Re: Gun ownership laws trigger Indian debate

Posted: Tue Aug 03, 2010 8:42 pm
by tonysilas
we should make it high and attract the national media....

Re: Gun ownership laws trigger Indian debate

Posted: Fri Aug 06, 2010 11:17 am
by winnie_the_pooh
If I say I am going to protect myself then I exempt the state from doing its job. What India are we living in?
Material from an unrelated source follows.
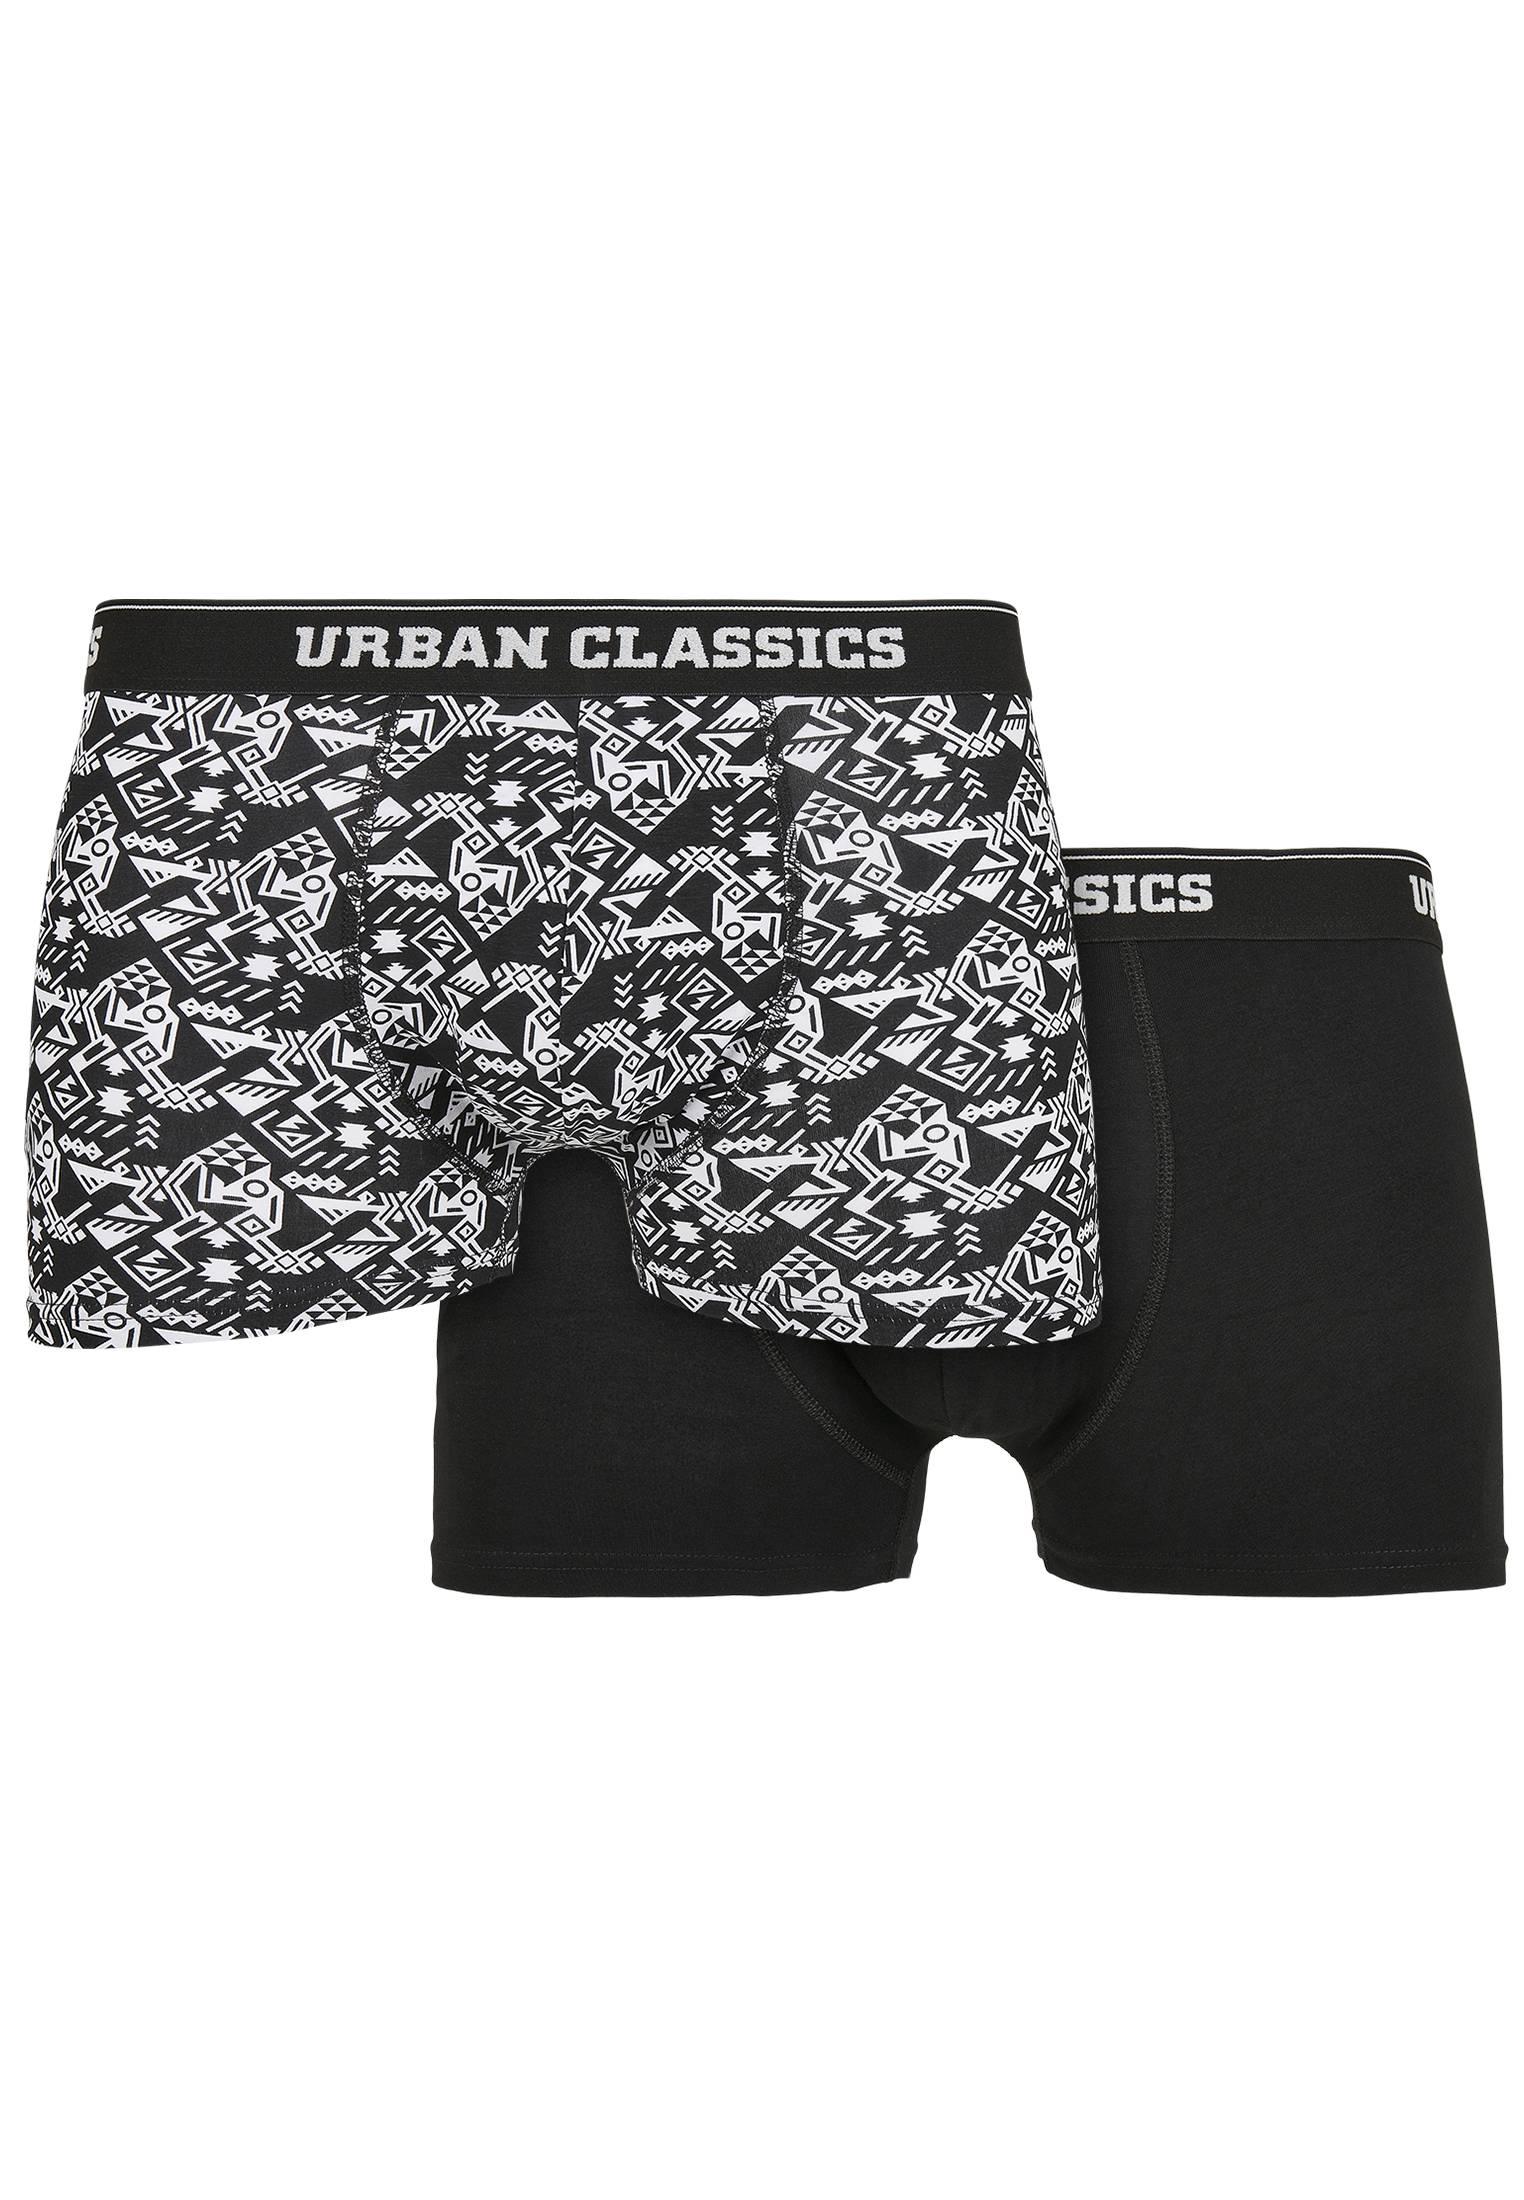 Urban Classics Organic Boxer Shorts 2-Pack detail aop+black - 3XL

This is not some failed state,” said Arundhati Ghose
Using the same argument there should be a ban on water filters in homes(would exempt the state from providing safe drinking water).There should be a ban on electric generators(would exempt the state from providing electricity through out the day).I am sure the same logic can be applied to many other situations.

Re: Gun ownership laws trigger Indian debate

Posted: Fri Aug 06, 2010 2:22 pm
by goodboy_mentor
:D Very well said WTP!!!There should be only govt. hospitals, no private hospitals and nursing homes as they would prevent the state from providing medical help. There should be only govt. schools, no private schools as they would prevent the state from providing education.